DATA BLOCK:
"""

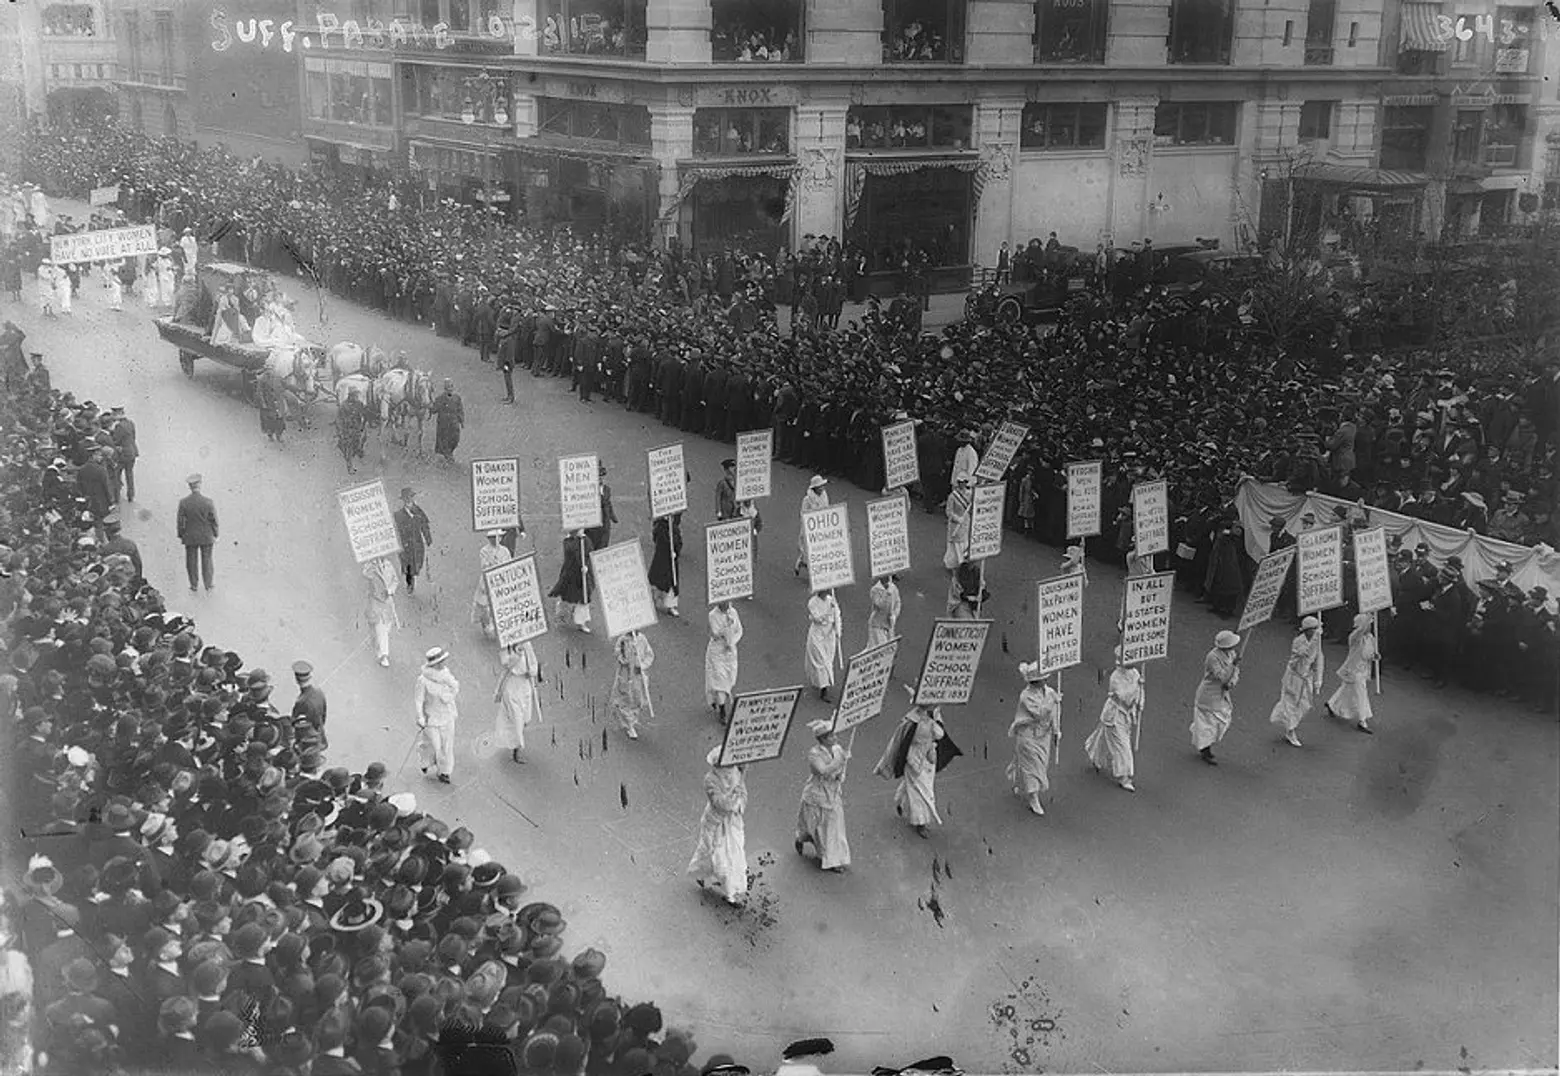 102 years ago, New York women voted for the first time
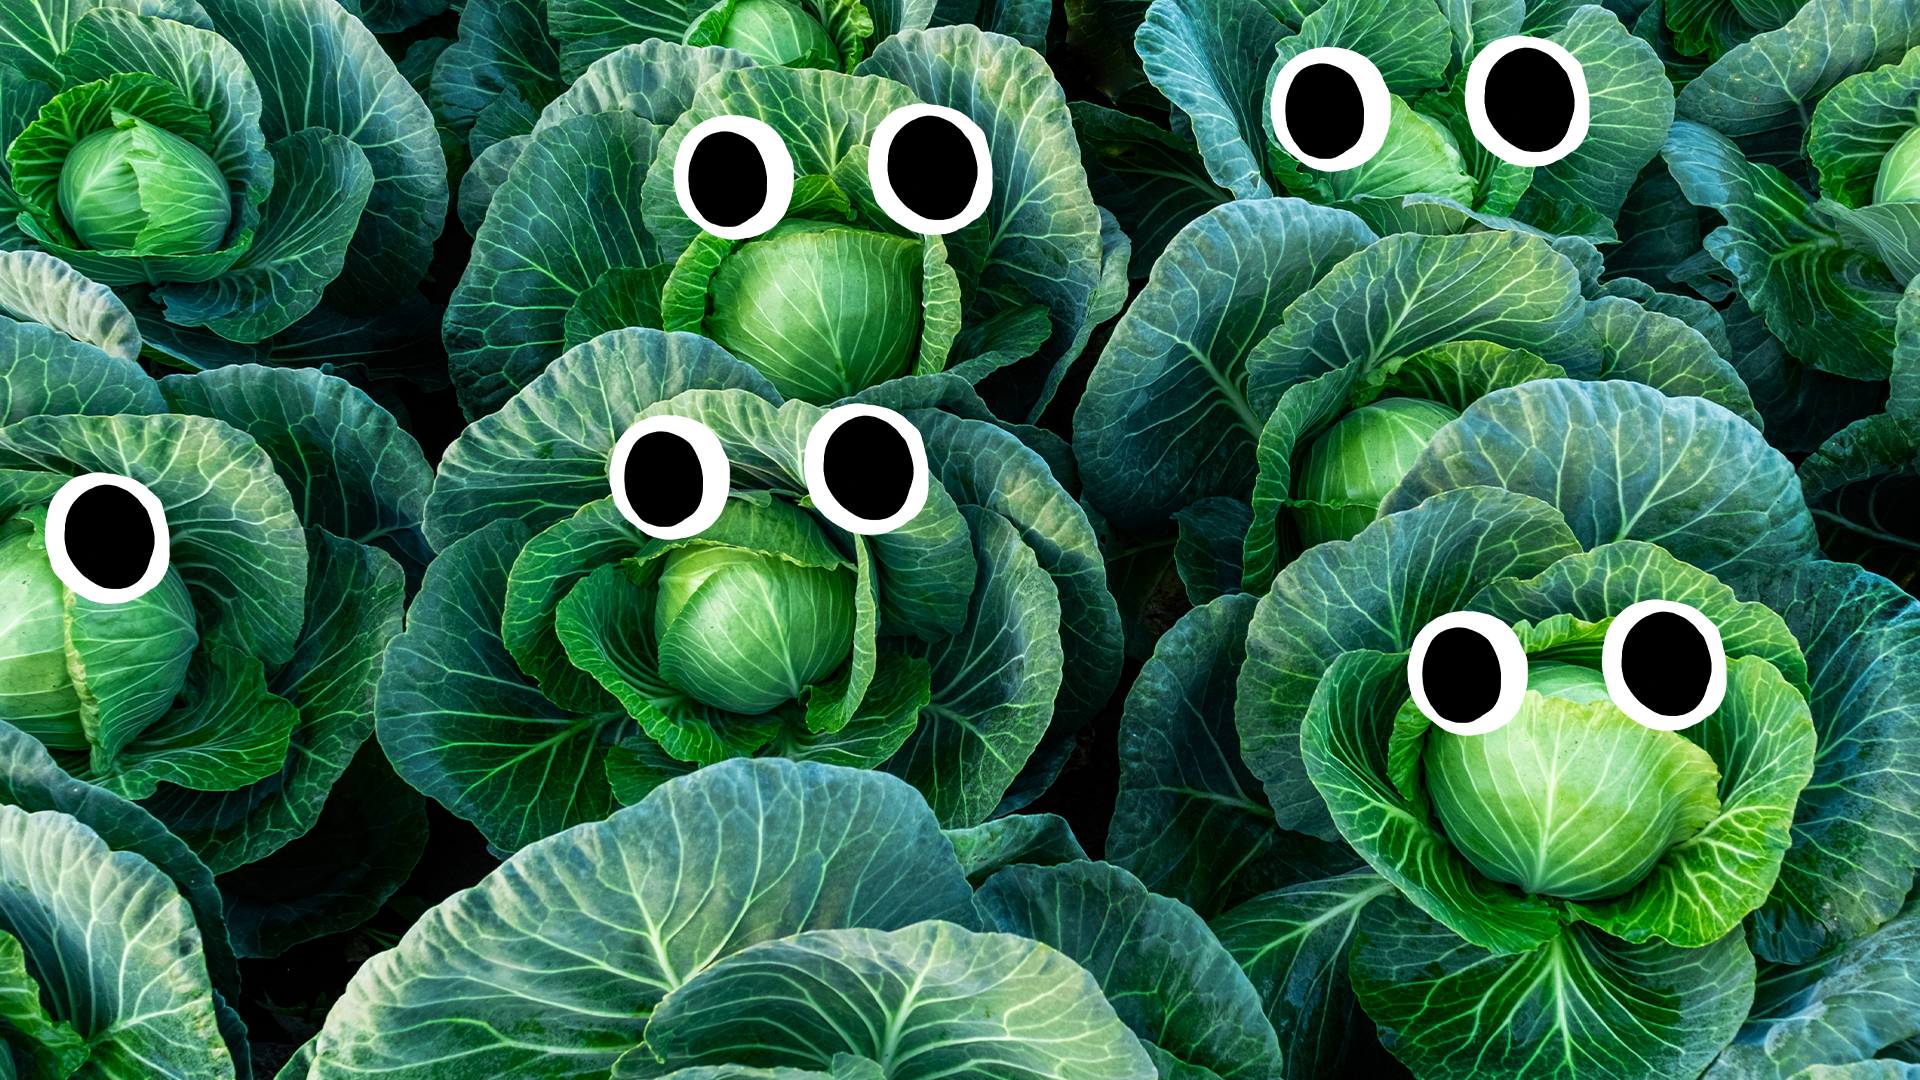 Rows of cabbages with faces
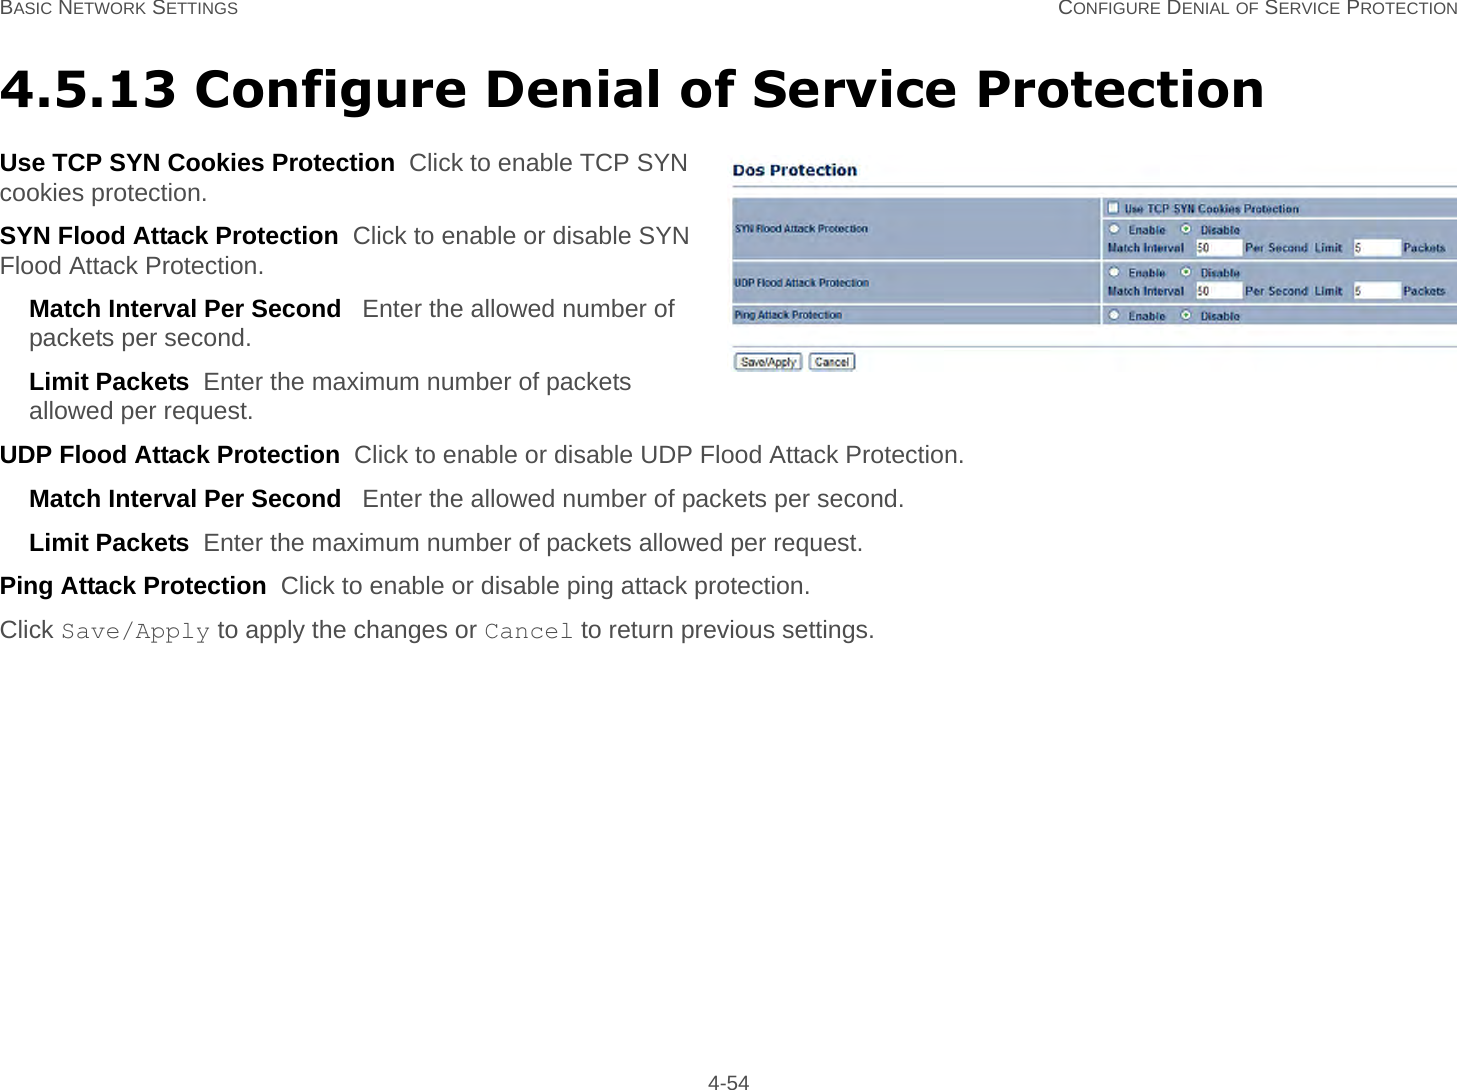 BASIC NETWORK SETTINGS CONFIGURE DENIAL OF SERVICE PROTECTION 4-544.5.13 Configure Denial of Service ProtectionUse TCP SYN Cookies Protection  Click to enable TCP SYN cookies protection.SYN Flood Attack Protection  Click to enable or disable SYN Flood Attack Protection.Match Interval Per Second   Enter the allowed number of packets per second.Limit Packets  Enter the maximum number of packets allowed per request.UDP Flood Attack Protection  Click to enable or disable UDP Flood Attack Protection.Match Interval Per Second   Enter the allowed number of packets per second.Limit Packets  Enter the maximum number of packets allowed per request.Ping Attack Protection  Click to enable or disable ping attack protection.Click Save/Apply to apply the changes or Cancel to return previous settings.

"""

DIRECTIONS: Only the lines that lie between the start of the listing and the line containing "Rows of cabbages with faces", both included, belong in the answer; write them out exactly and omit pictures.

EXERCISE RESPONSE:
 102 years ago, New York women voted for the first time
 Rows of cabbages with faces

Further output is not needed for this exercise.